On the day of the interview, you’ll be given a live, hands-on challenge involving programming, containers, and a Linux environment.
You will be asked to solve a realistic problem based on a scenario presented at the time. The goal is for you to use programming logic and basic system tools to automate the collection and interpretation of relevant environment data.
Important: The goal is not to get everything perfect — we want to understand how you think, investigate, and solve real-world production problems.
During the challenge, we will observe:
- 🧩 Your ability to understand and break down a problem
- 💻 Use of programming to automate tasks (Python or Go)
- 🔍 Ability to investigate the state of the system and containers
- 🌐 Independence in researching tools/libraries
- 🧼 Clarity, organization, and overall quality of your code
- 🔄 Your reasoning on how the solution could evolve (scalability, extensibility)
We expect you to:
- Be familiar with Linux and Docker-based environments
- Know how to use basic system commands and inspect container status
- Be able to write a simple script or app that reads information and returns a structured output
- Use structured programming, even if simple, to build your solution
- Research and use libraries as needed, explaining your choices
- Use a Docker library to interact with containers programmatically (e.g.,
dockerfor Python orgithub.com/docker/docker/clientfor Go)

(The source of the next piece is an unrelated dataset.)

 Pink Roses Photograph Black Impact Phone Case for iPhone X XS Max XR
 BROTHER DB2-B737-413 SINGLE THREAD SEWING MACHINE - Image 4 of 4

If you advance to the second round, you'll participate in an infrastructure-focused discussion and challenge where we'll dive deep into:
- Cloud Infrastructure: AWS, GCP, Azure architectures and best practices
- Infrastructure as Code (IaC): Terraform, CloudFormation, Pulumi
- GitOps: Infrastructure deployment and management through Git workflows
- Kubernetes: Container orchestration, deployments, services, and cluster management
- CI/CD: Pipeline design, automation, and deployment strategies
We'll discuss essential reliability engineering concepts and practices:
- Observability: Monitoring, logging, tracing, and alerting (Prometheus, Grafana, ELK stack)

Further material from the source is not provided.